## Exercise prompt
Please repeat the lines below, exactly and only, from the one that holds "Hadrian Geri Djajadikerta" through the one that holds "Simulated London Blue".

## Recorded information
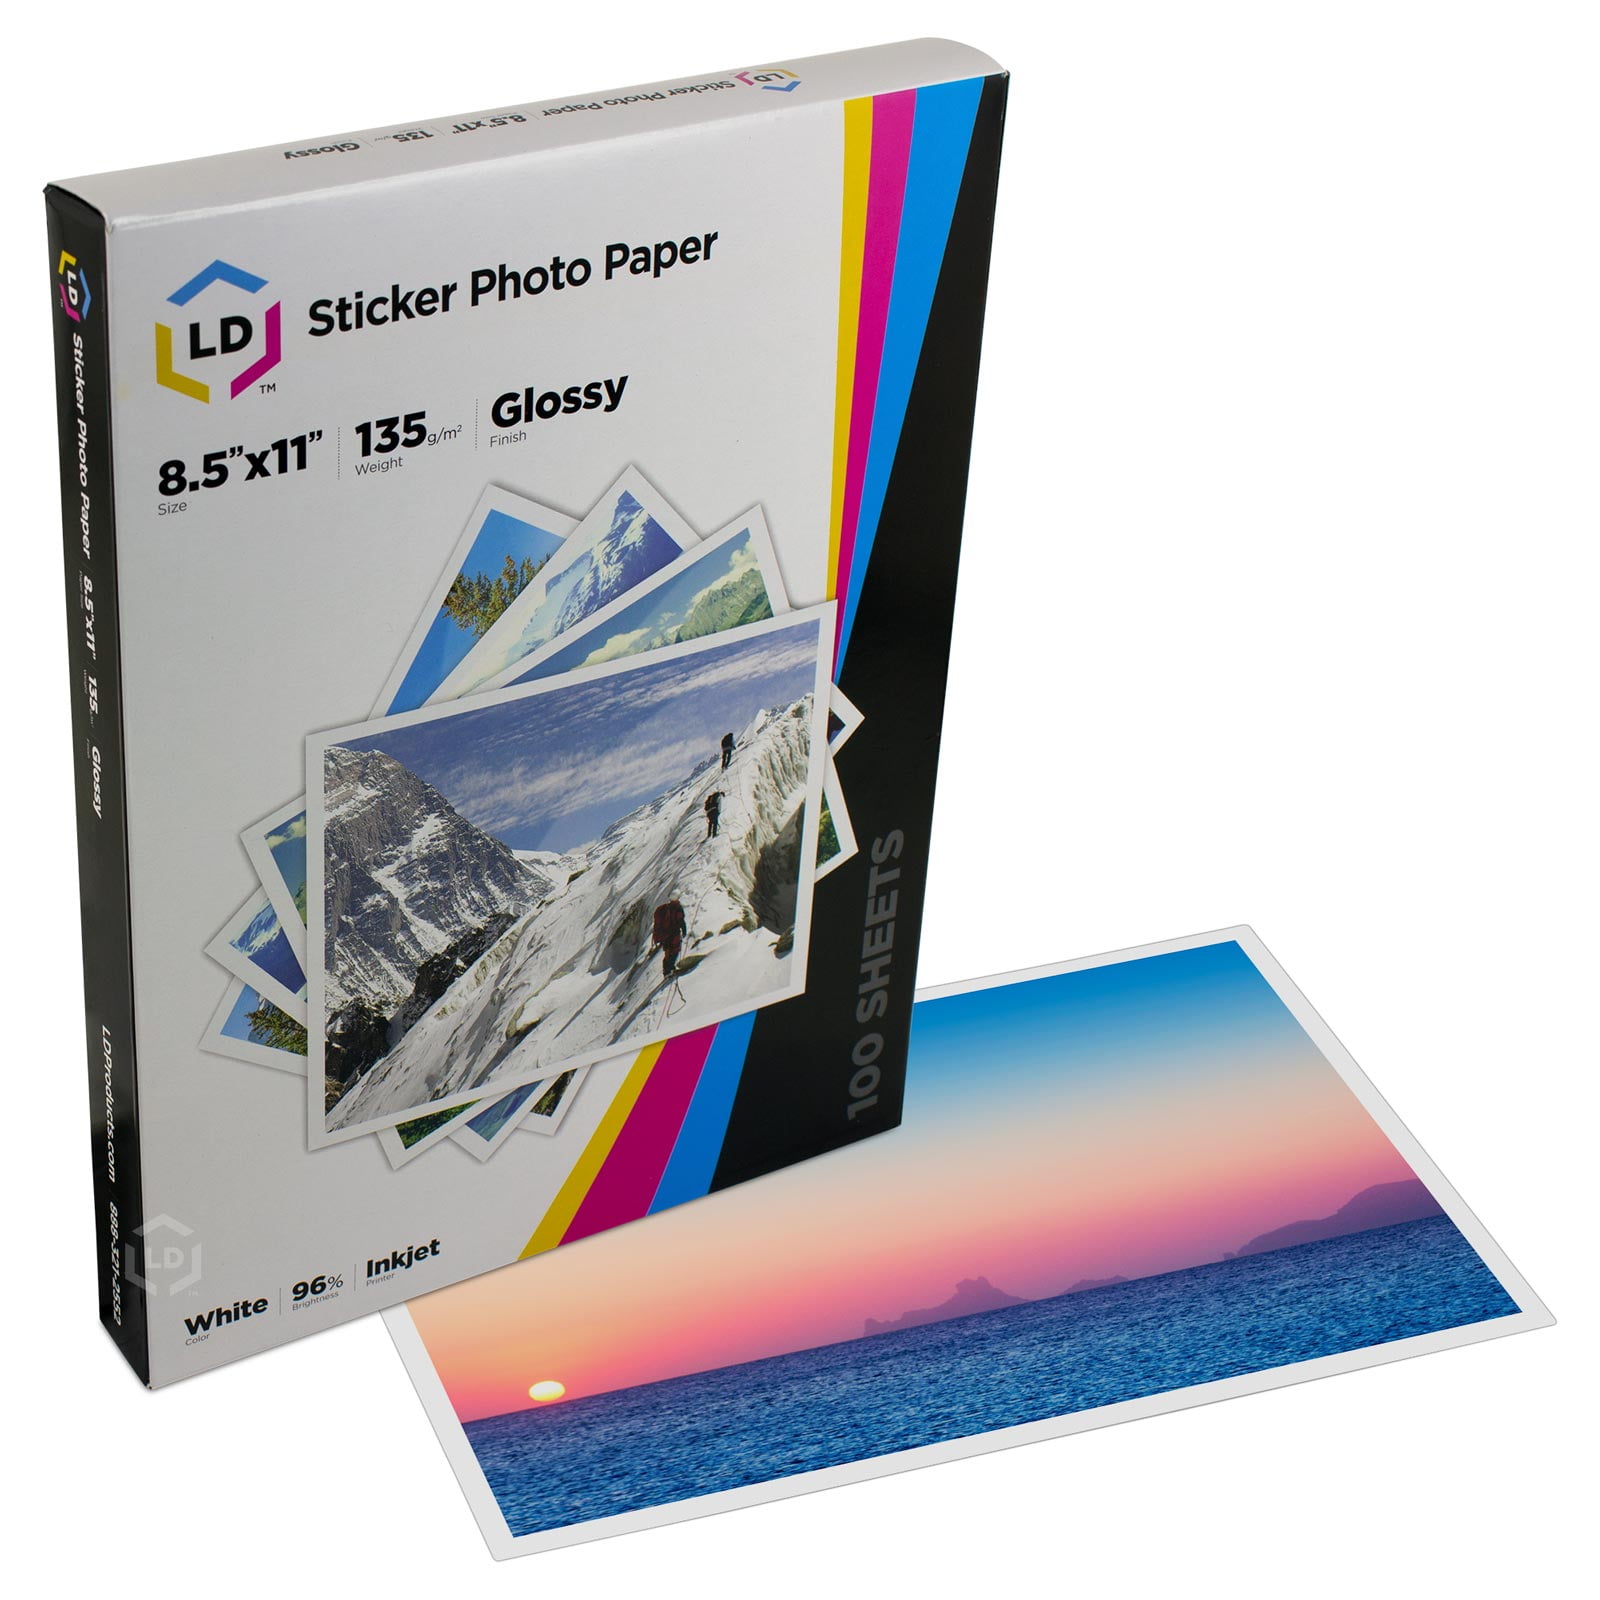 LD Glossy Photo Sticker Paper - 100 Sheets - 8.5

--

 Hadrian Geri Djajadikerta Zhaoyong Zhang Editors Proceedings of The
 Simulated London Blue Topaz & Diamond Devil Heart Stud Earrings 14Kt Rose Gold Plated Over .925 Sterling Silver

---

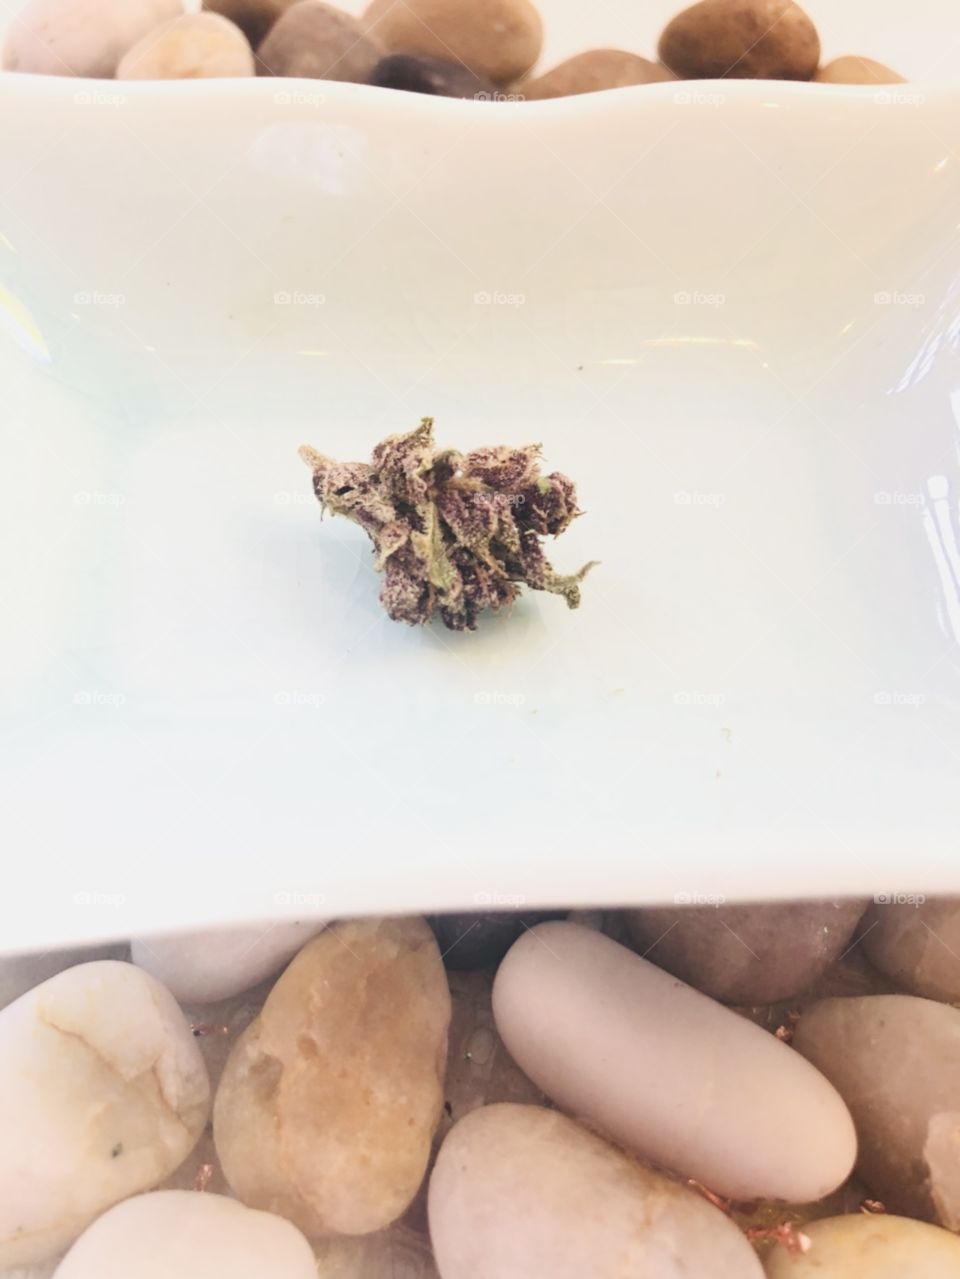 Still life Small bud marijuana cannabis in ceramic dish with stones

## Exercise solution
 Hadrian Geri Djajadikerta Zhaoyong Zhang Editors Proceedings of The
 Simulated London Blue Topaz & Diamond Devil Heart Stud Earrings 14Kt Rose Gold Plated Over .925 Sterling Silver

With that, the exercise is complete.